---------- Supplied data ----------

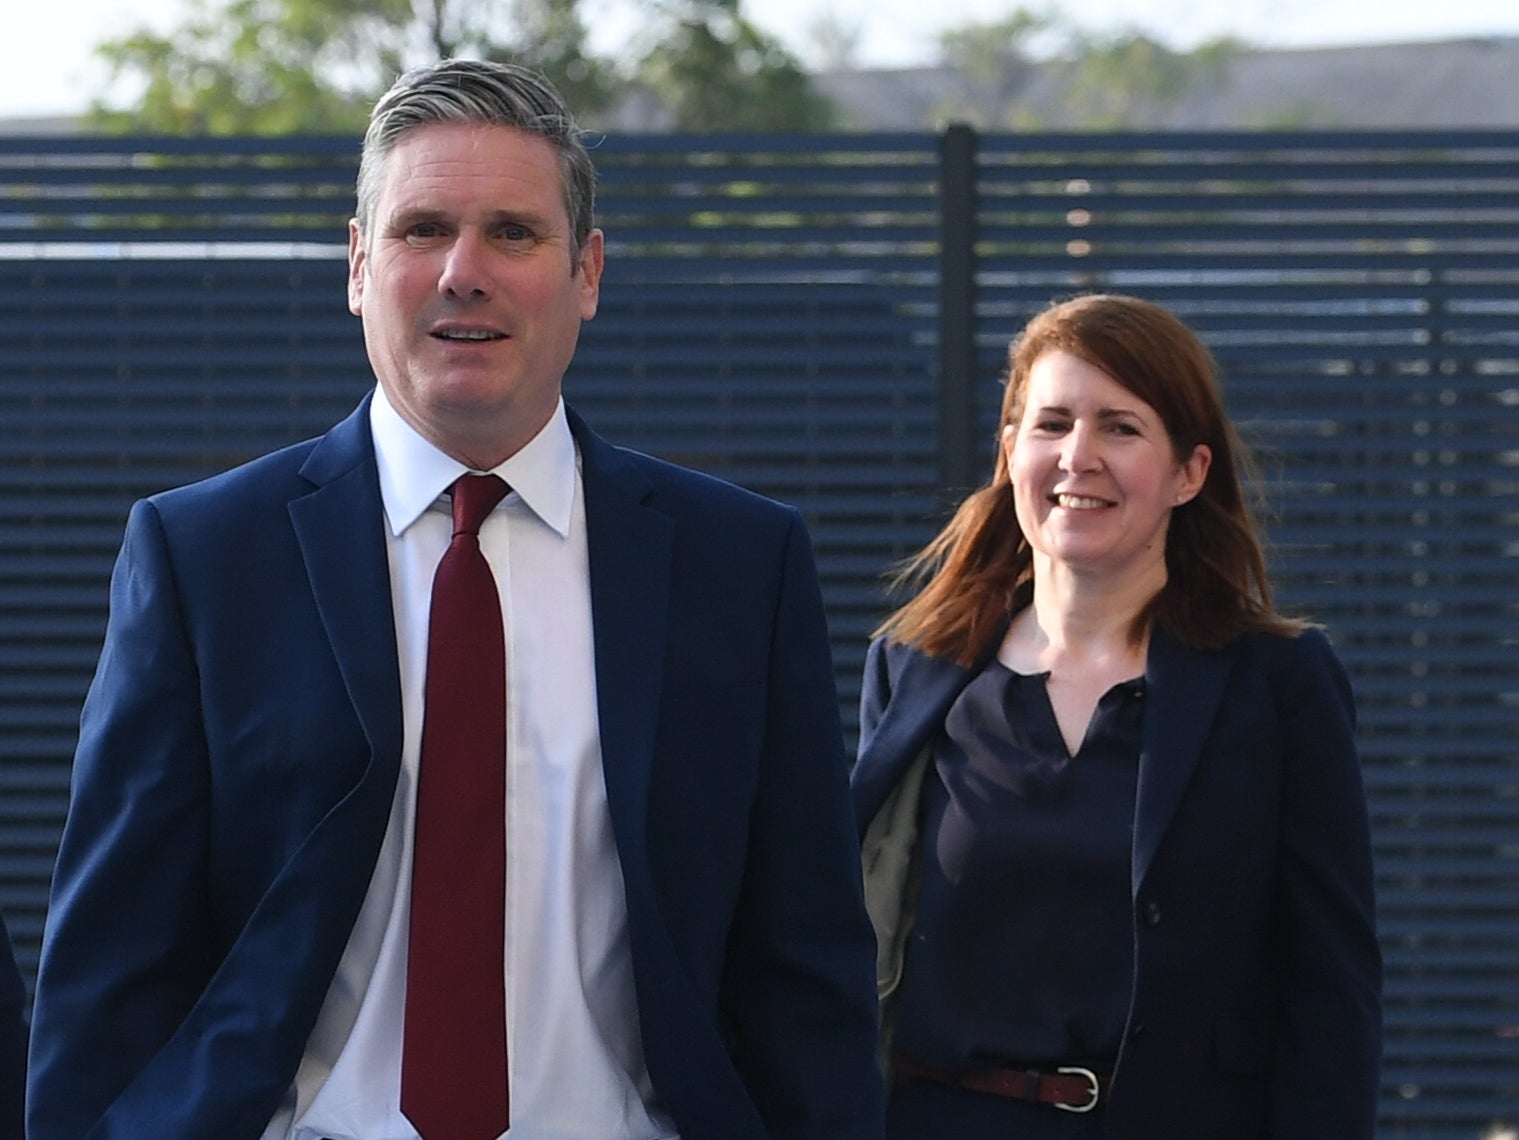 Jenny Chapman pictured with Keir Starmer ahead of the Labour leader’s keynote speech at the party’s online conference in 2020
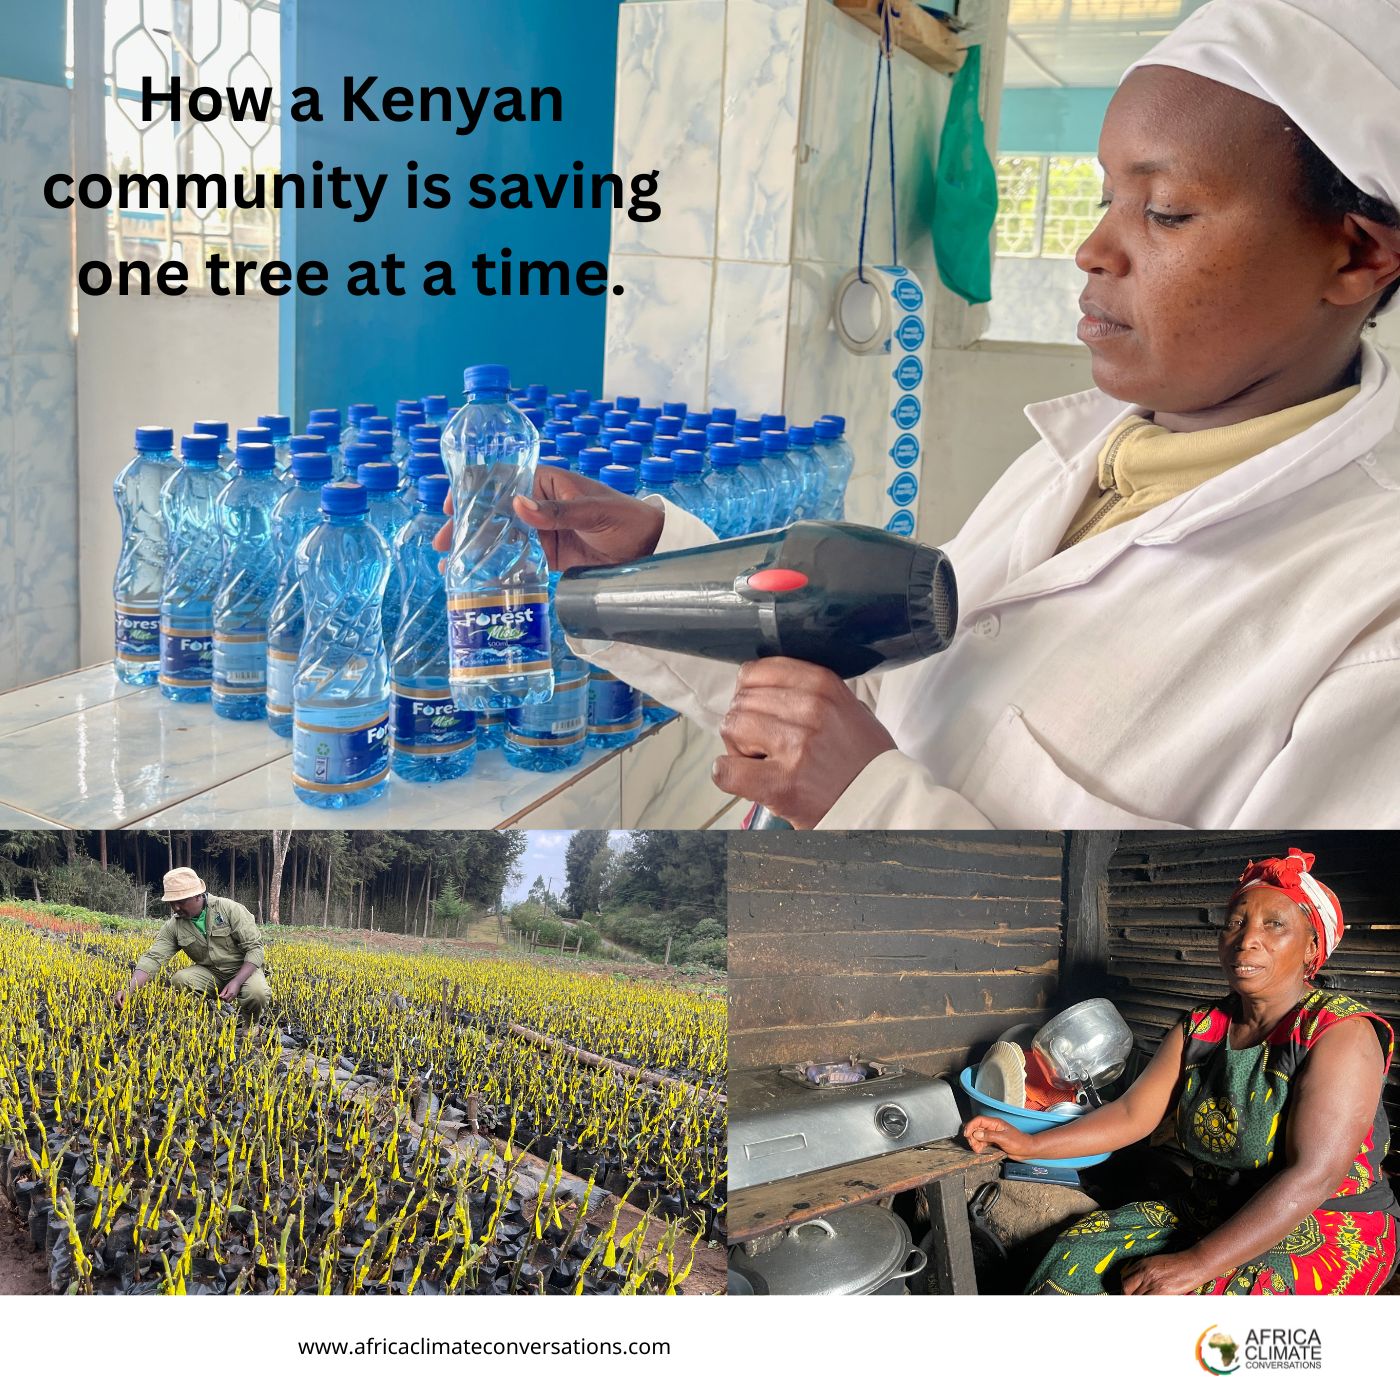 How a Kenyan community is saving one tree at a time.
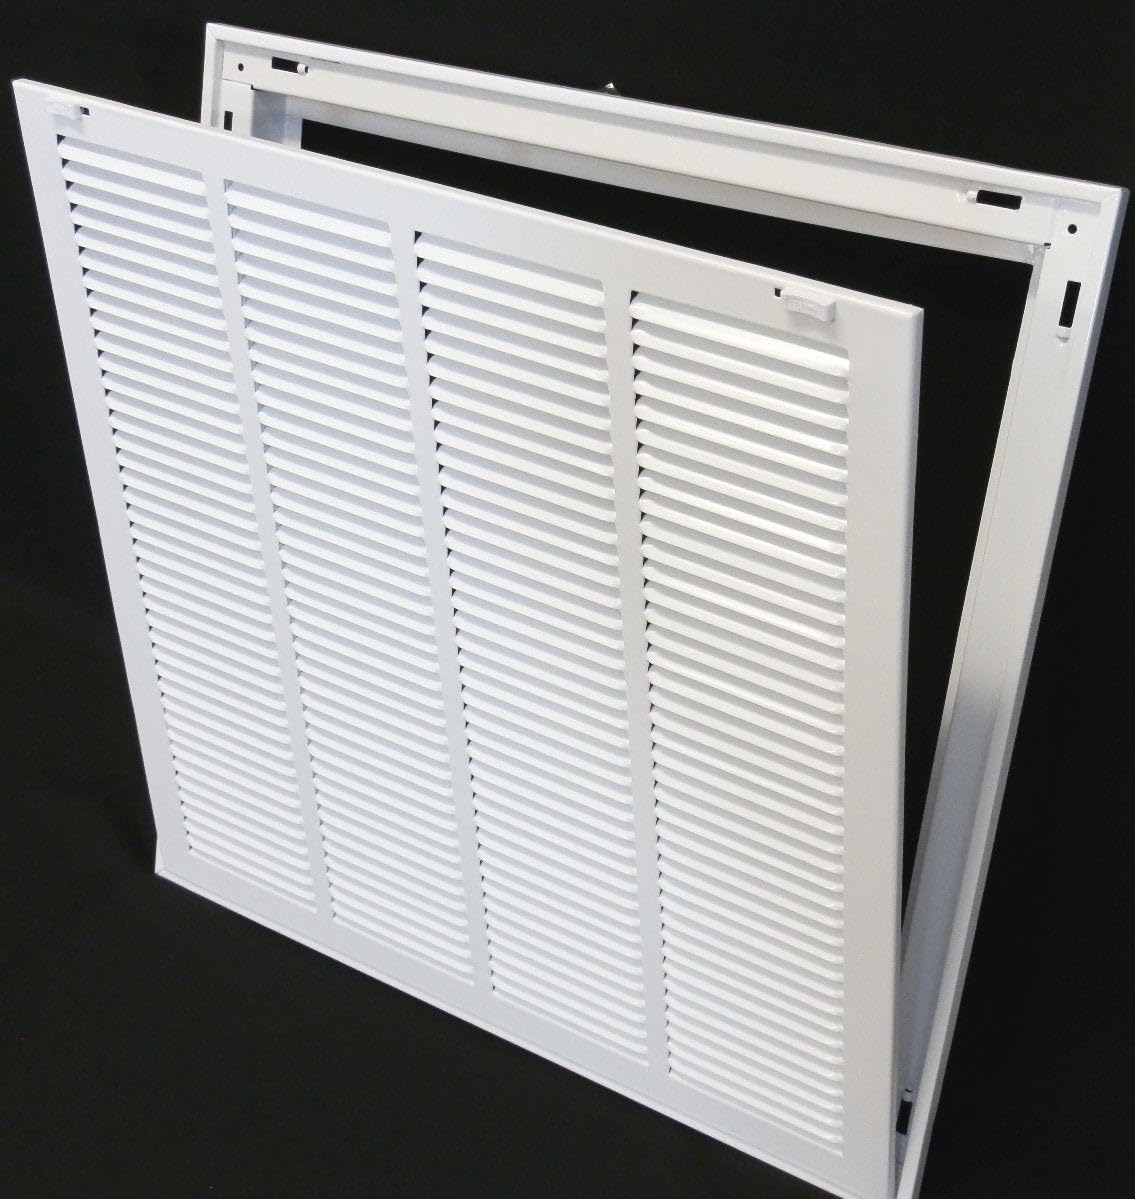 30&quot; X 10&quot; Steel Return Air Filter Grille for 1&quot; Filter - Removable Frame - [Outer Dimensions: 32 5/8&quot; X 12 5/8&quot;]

----------

== Your goal ==
The full text of the data above, exact and without pictures, is what to return.

== Answer area ==
 Jenny Chapman pictured with Keir Starmer ahead of the Labour leader’s keynote speech at the party’s online conference in 2020
 How a Kenyan community is saving one tree at a time.
 30&quot; X 10&quot; Steel Return Air Filter Grille for 1&quot; Filter - Removable Frame - [Outer Dimensions: 32 5/8&quot; X 12 5/8&quot;]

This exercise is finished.